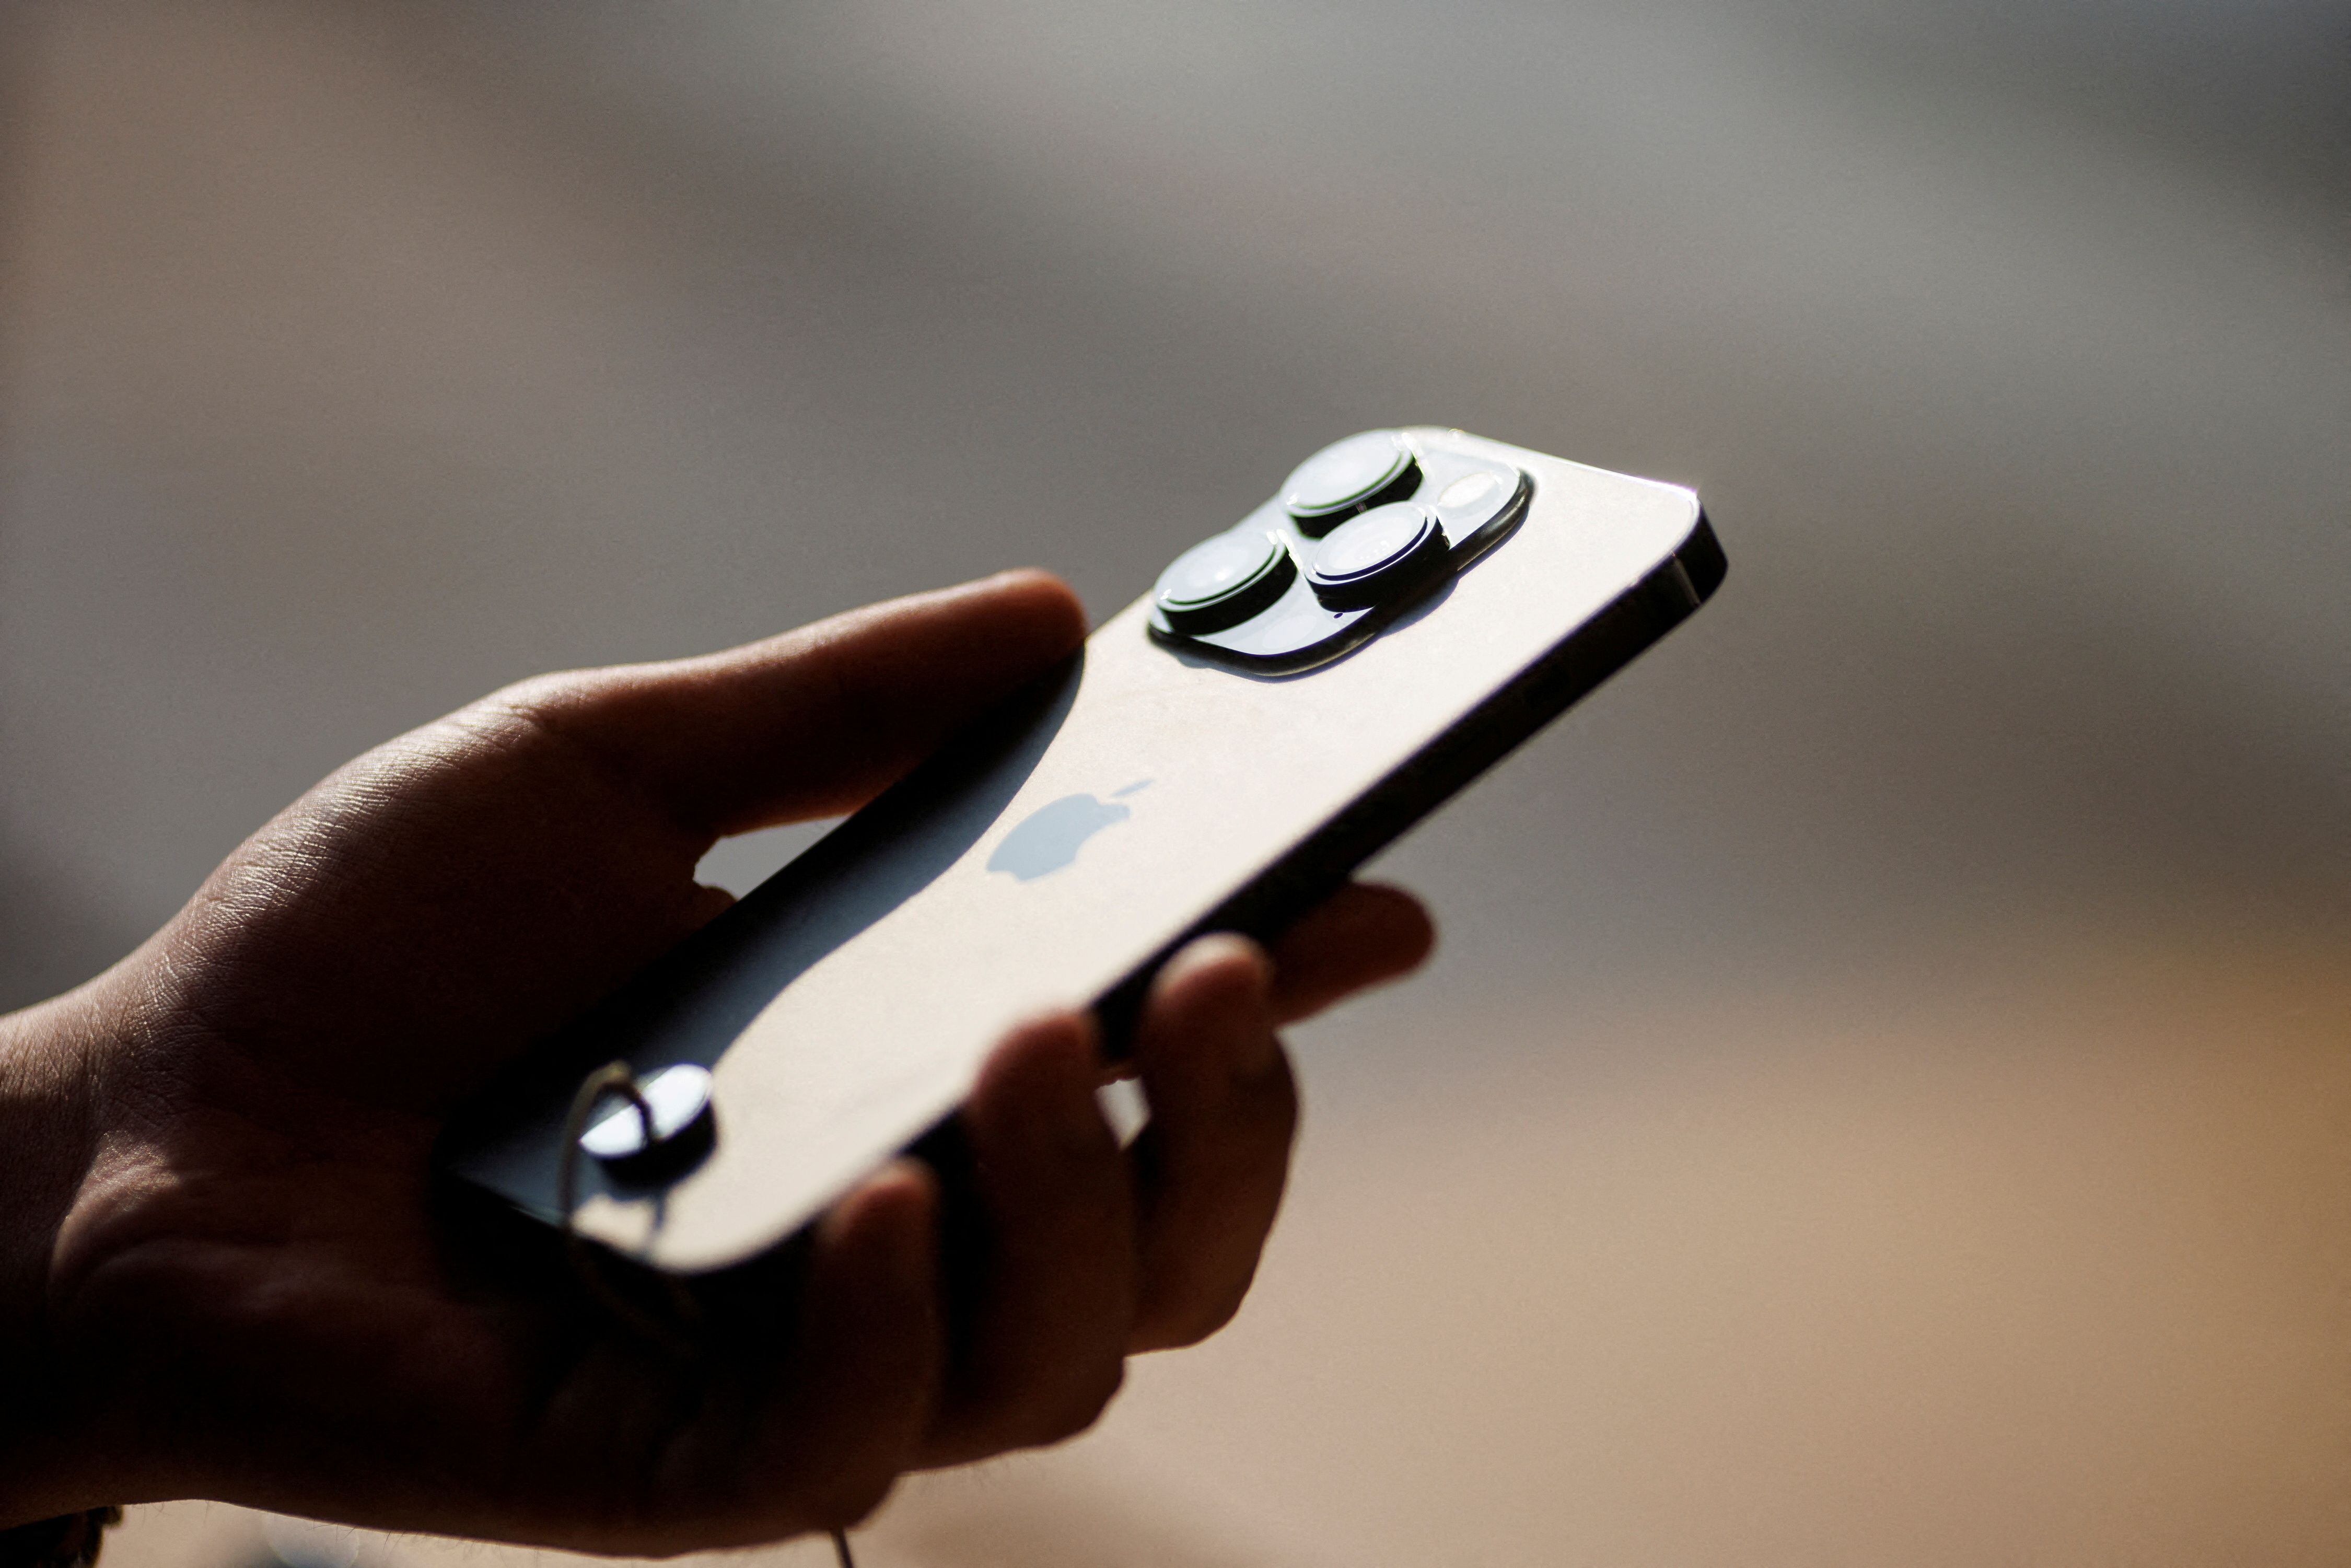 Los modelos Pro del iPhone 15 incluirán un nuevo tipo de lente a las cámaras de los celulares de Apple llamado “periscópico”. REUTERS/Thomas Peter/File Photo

....................

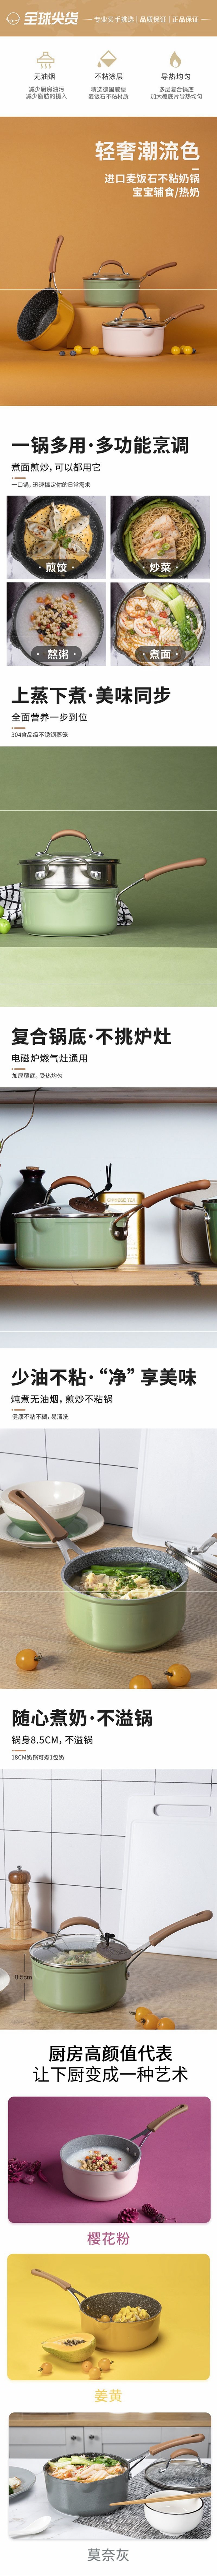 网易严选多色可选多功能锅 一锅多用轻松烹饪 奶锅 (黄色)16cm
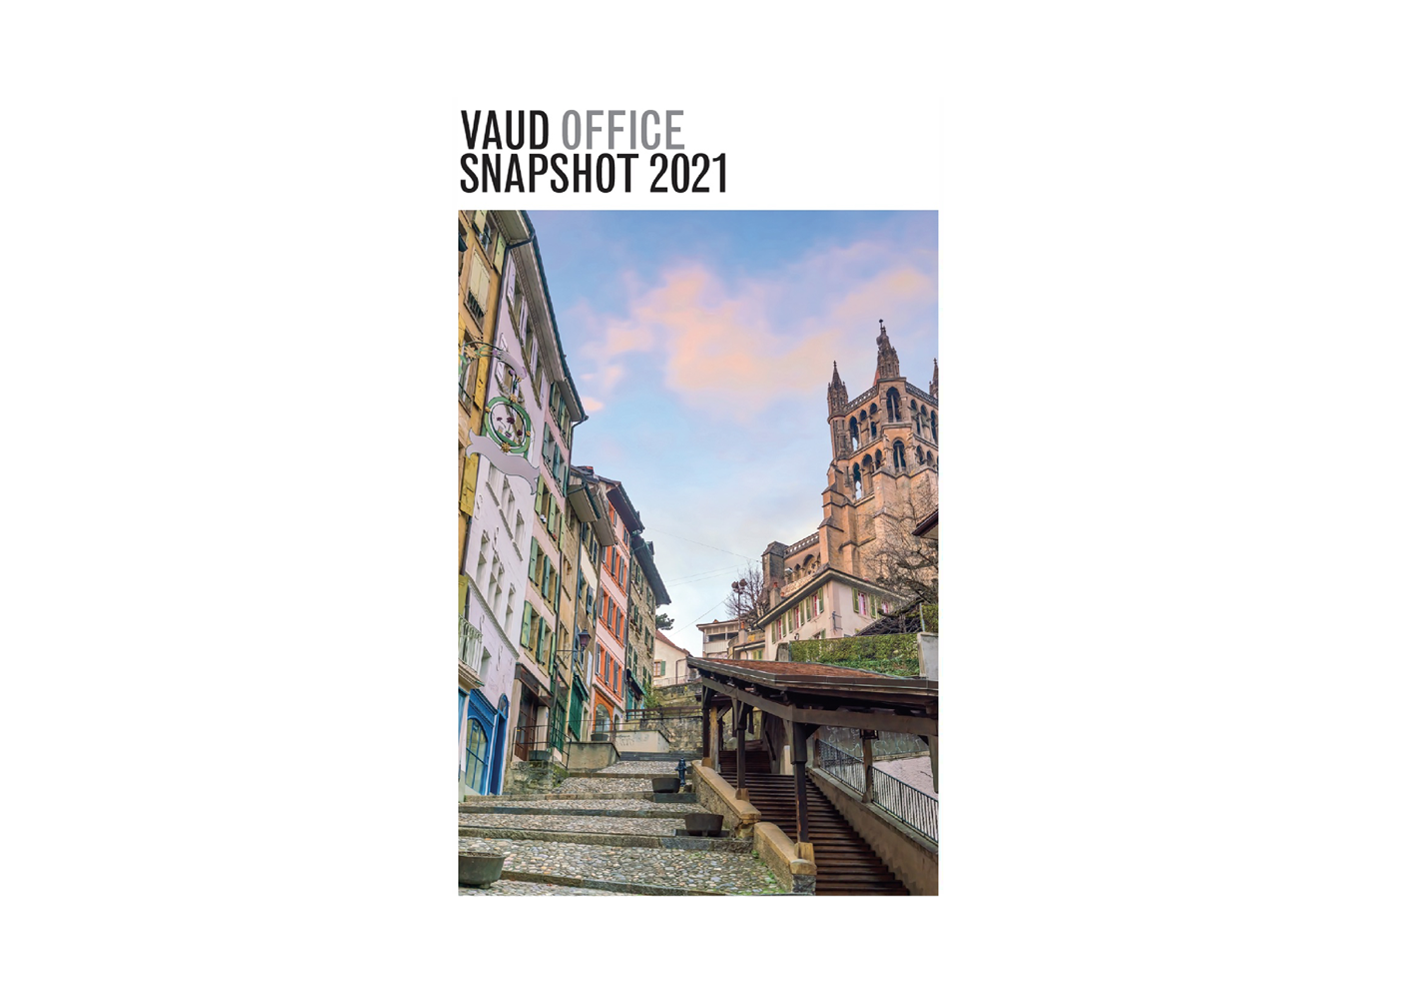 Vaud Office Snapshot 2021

....................

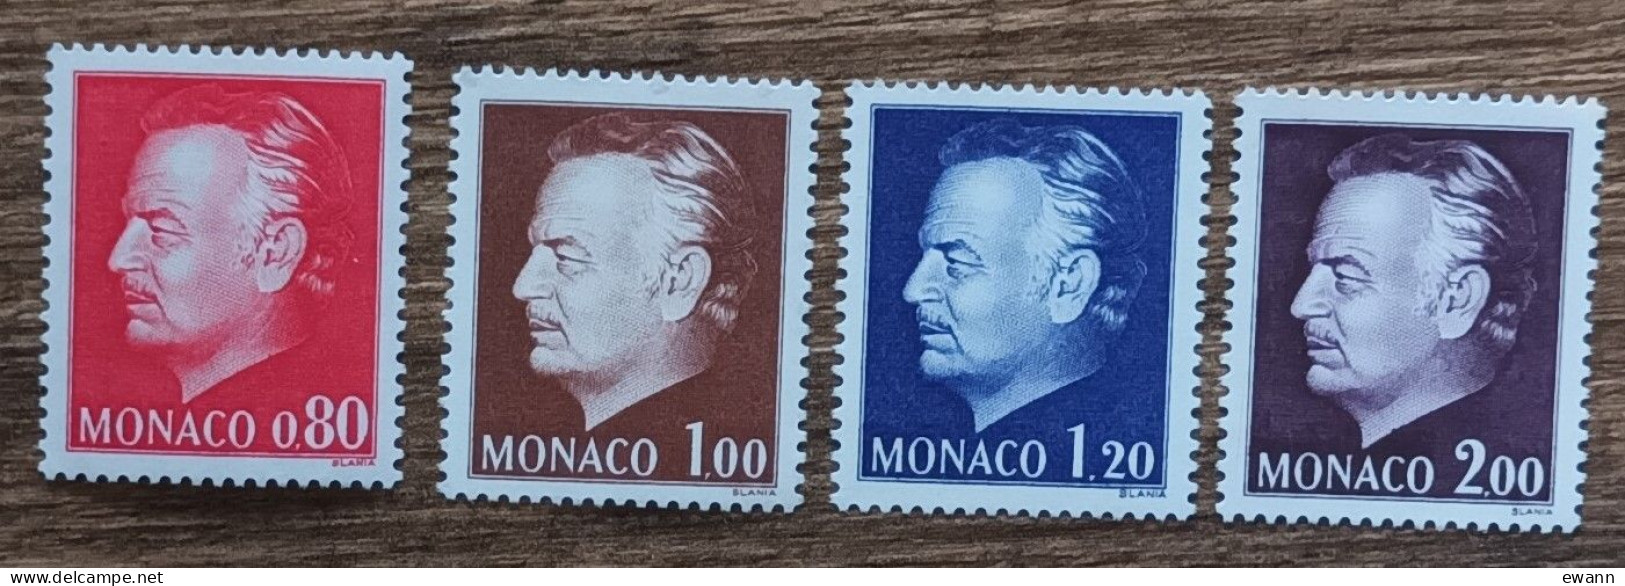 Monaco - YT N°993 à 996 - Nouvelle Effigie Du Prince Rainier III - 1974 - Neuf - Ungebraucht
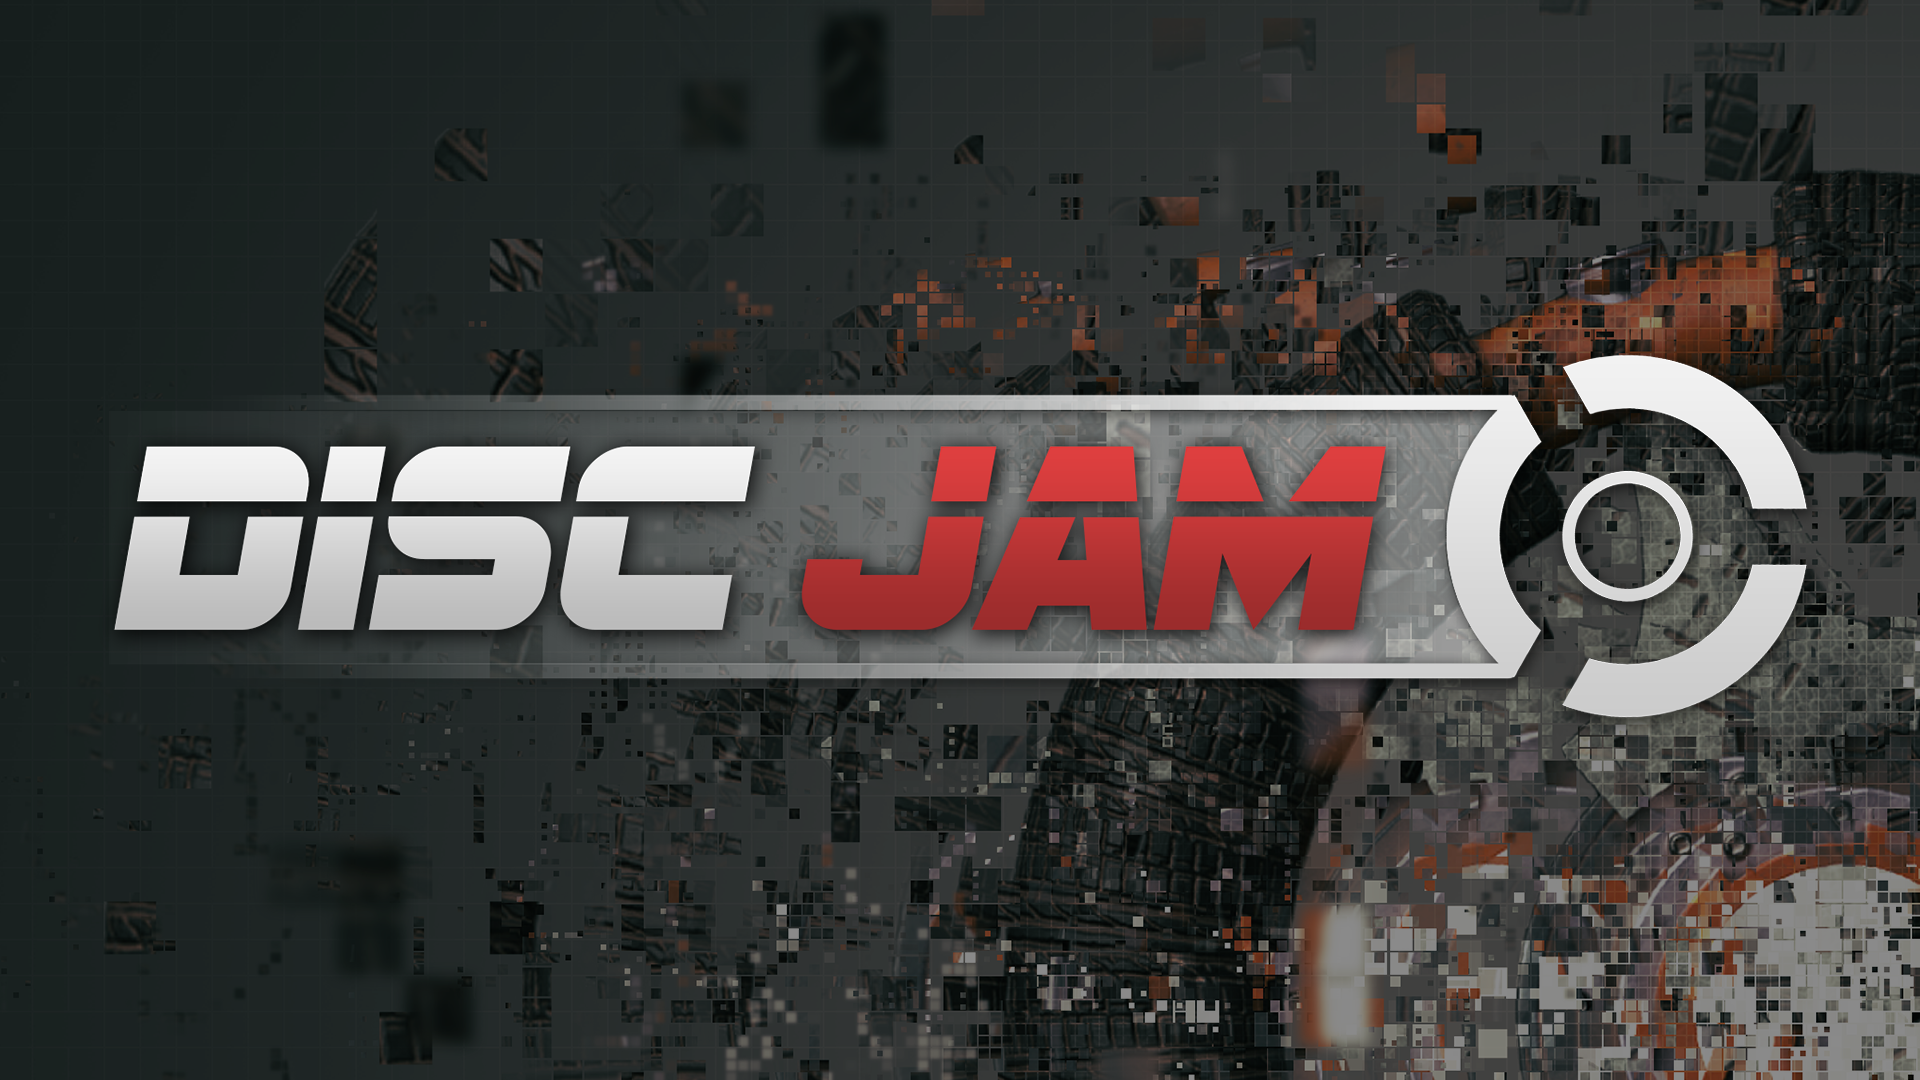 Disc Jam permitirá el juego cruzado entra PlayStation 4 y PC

....................

#### TASK OBJECTIVE:
Please return the data above exactly as it stands from the line with "网易严选多色可选多功能锅 一锅多用轻松烹饪 奶锅 (黄色)16cm" to the line with "Vaud Office Snapshot 2021", keeping both of those lines but none of the pictures.

#### ANSWER FOR THE TASK:
 网易严选多色可选多功能锅 一锅多用轻松烹饪 奶锅 (黄色)16cm
 Vaud Office Snapshot 2021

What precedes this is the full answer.